Print the whole listing again exactly as it stands, leaving out any images.

§ DATA EXCERPT
- Opening Delimiter -

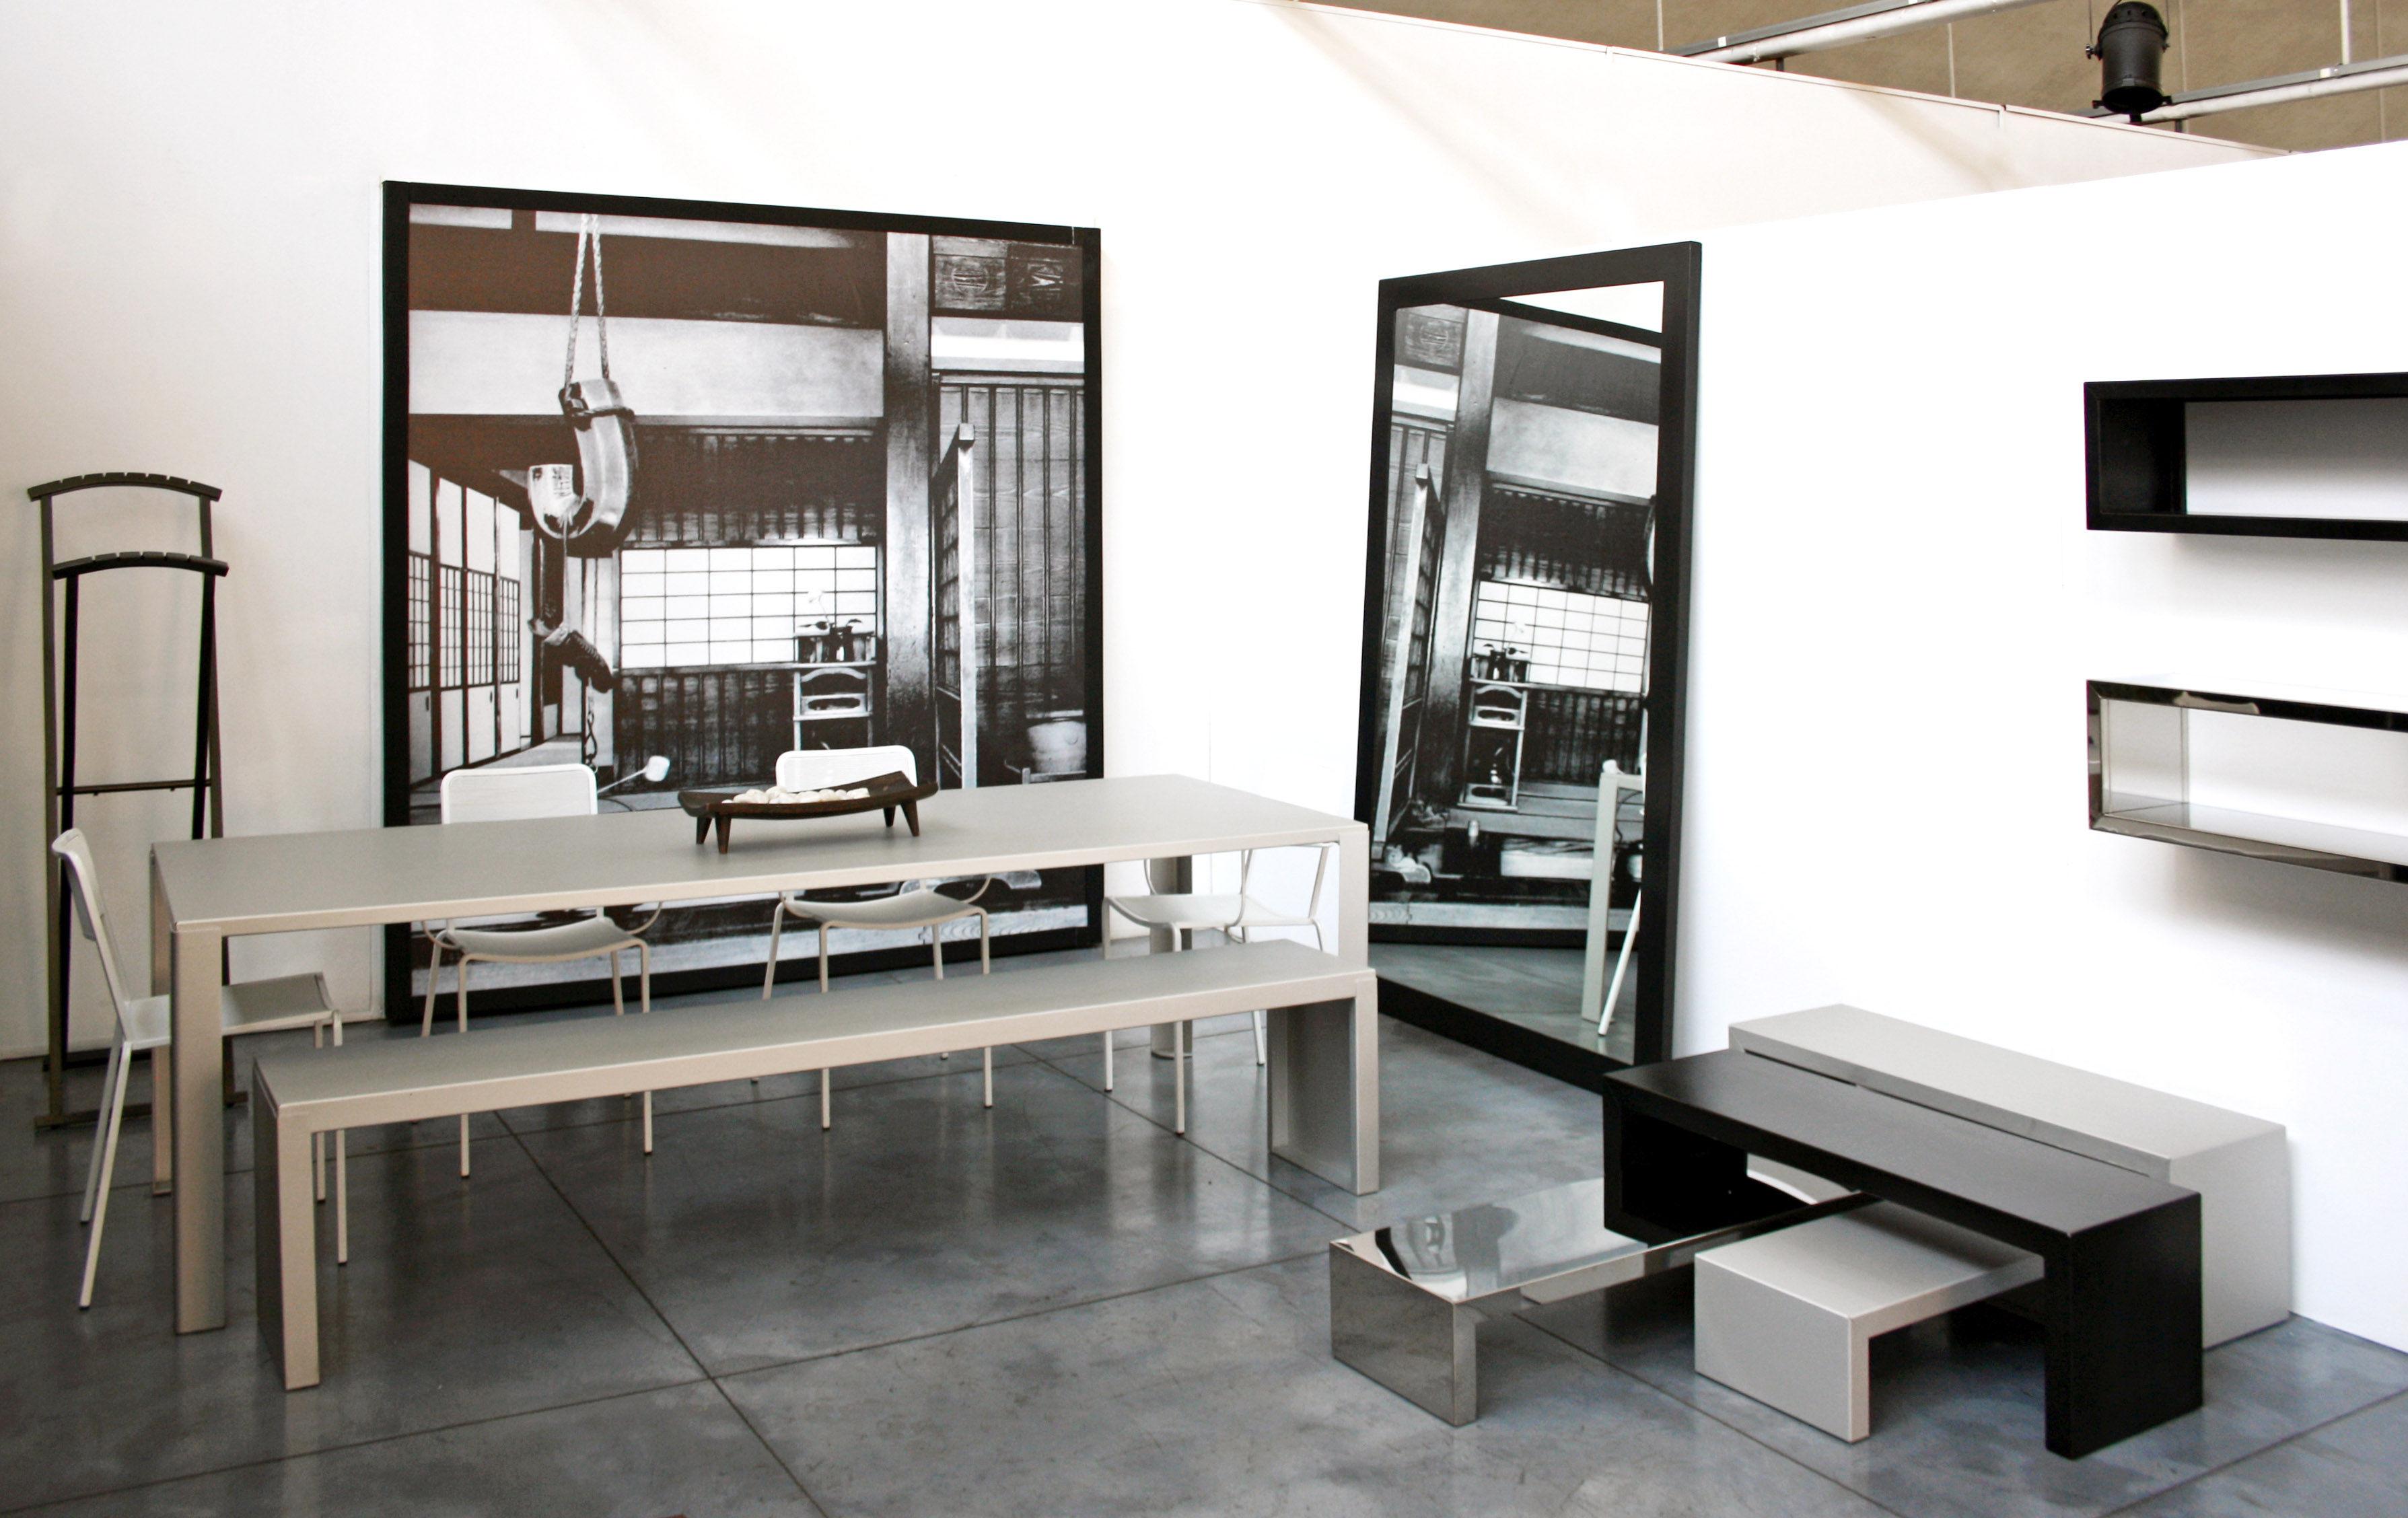 Etag re inox wall rack finition miroir l 160 cm zeus for Immense miroir
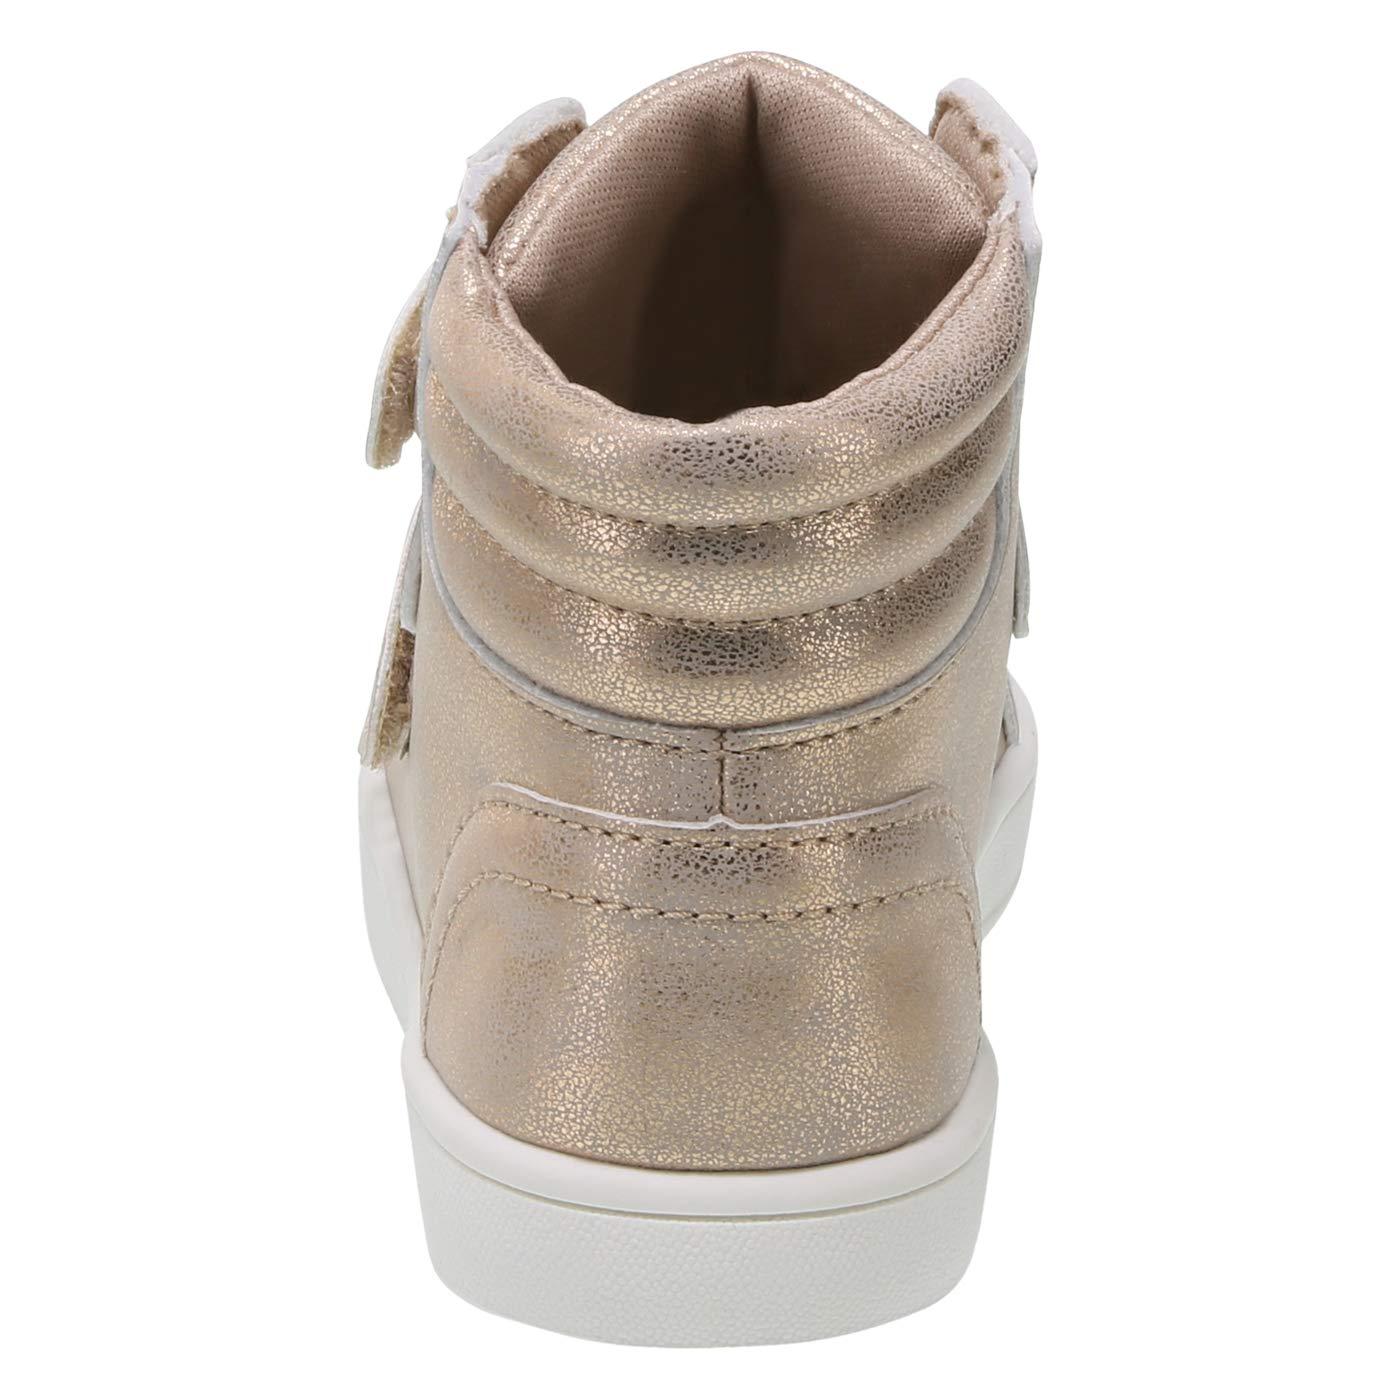 Brash Girls Phoenix Toddler High-Top Sneaker 079943-Parent
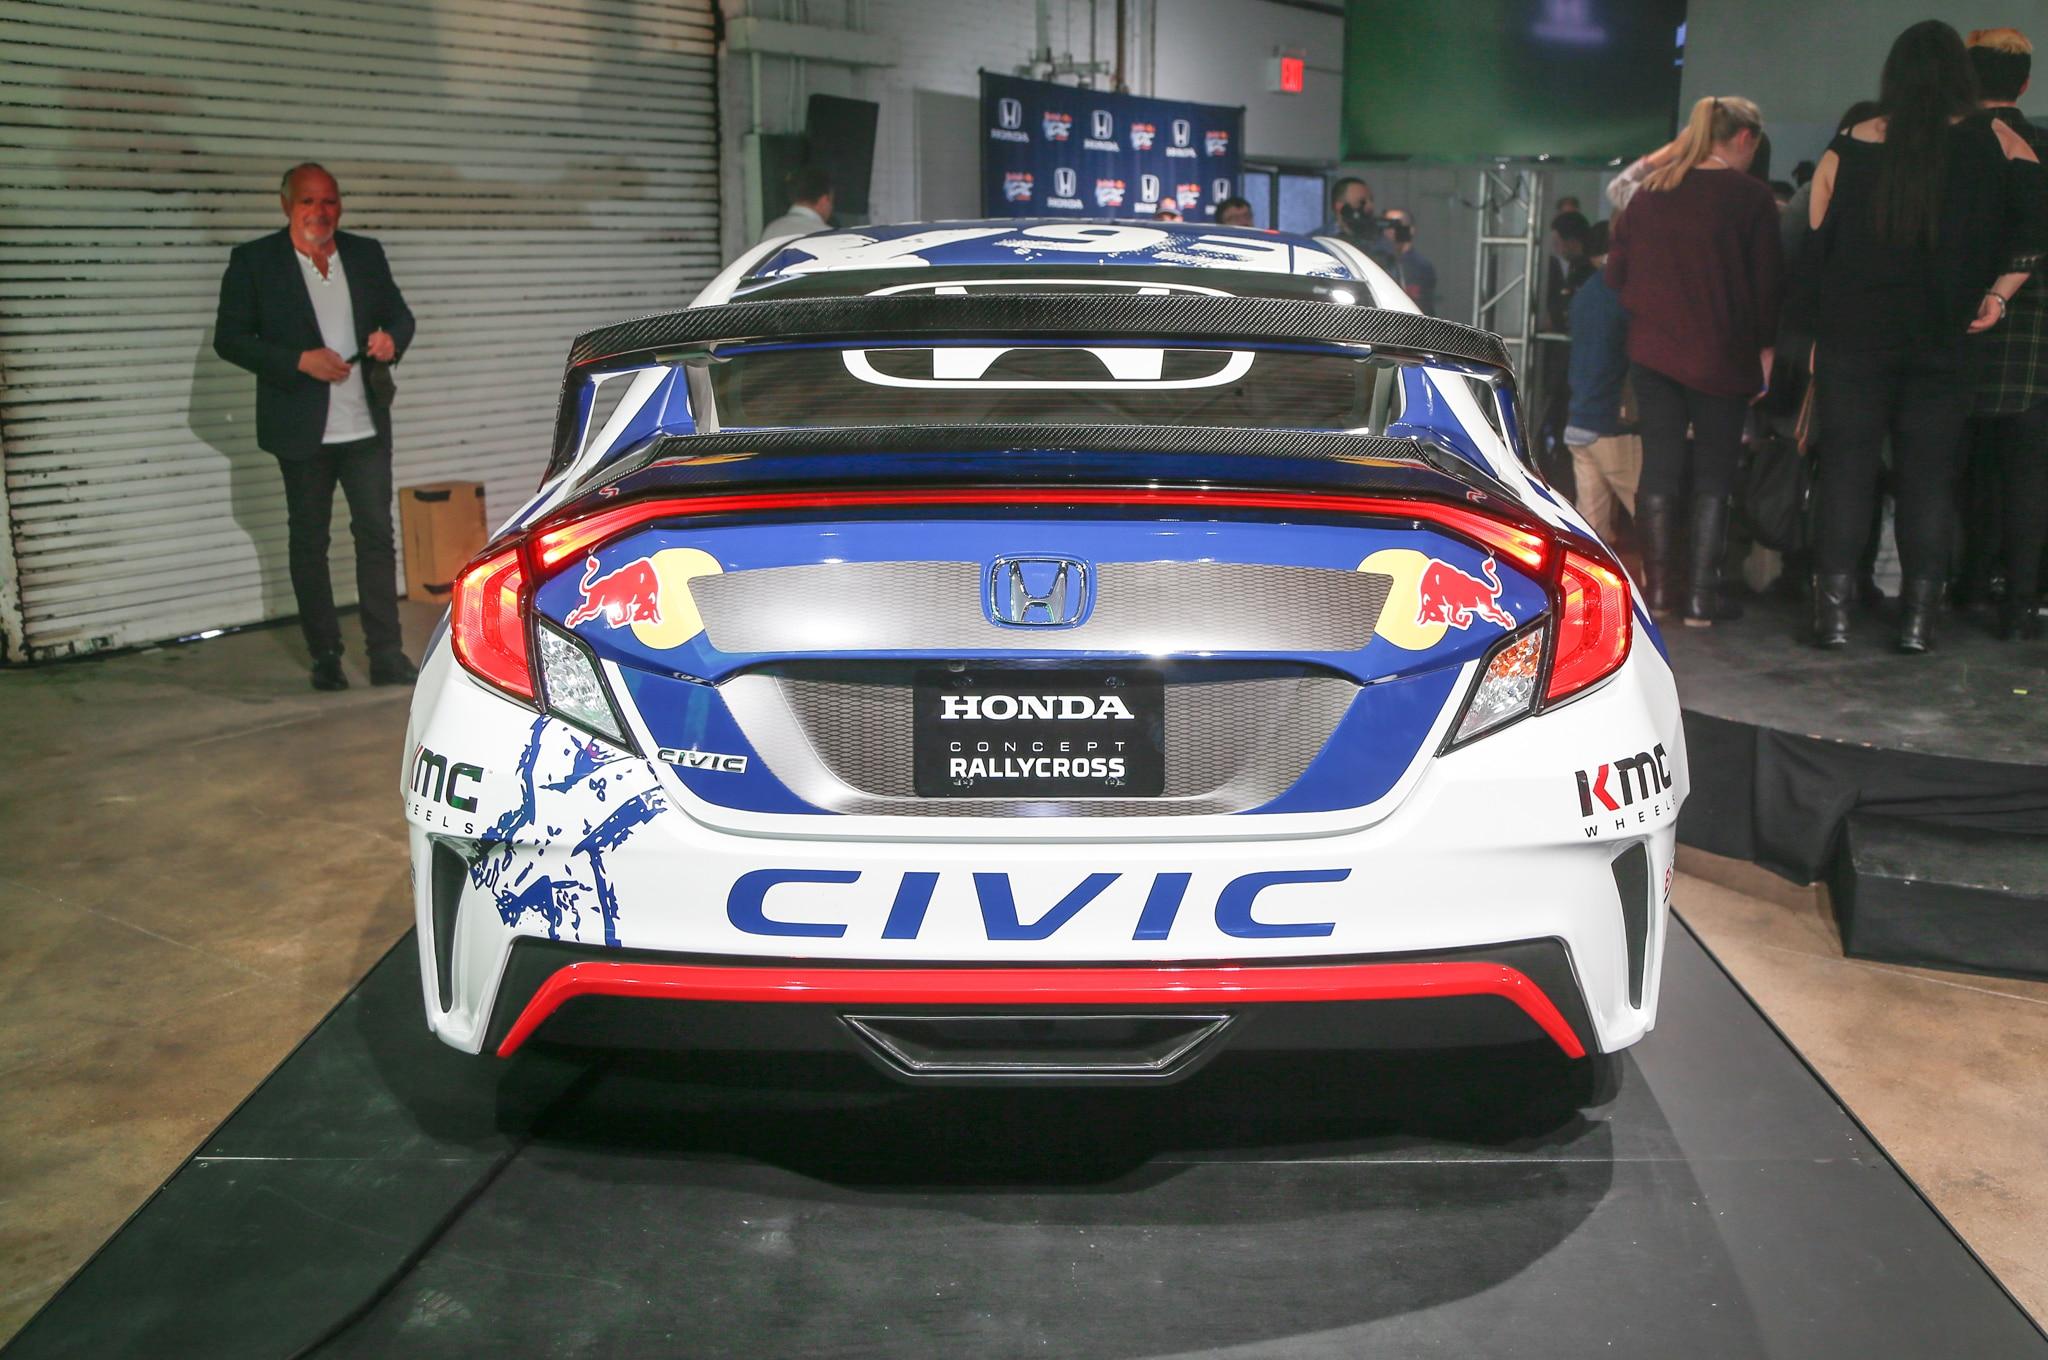 2016 honda civic coupe red bull global rallycross race car debuts in - Unlike

- Closing Delimiter -

§ TASK RESULT
 Etag re inox wall rack finition miroir l 160 cm zeus for Immense miroir
 Brash Girls Phoenix Toddler High-Top Sneaker 079943-Parent
 2016 honda civic coupe red bull global rallycross race car debuts in - Unlike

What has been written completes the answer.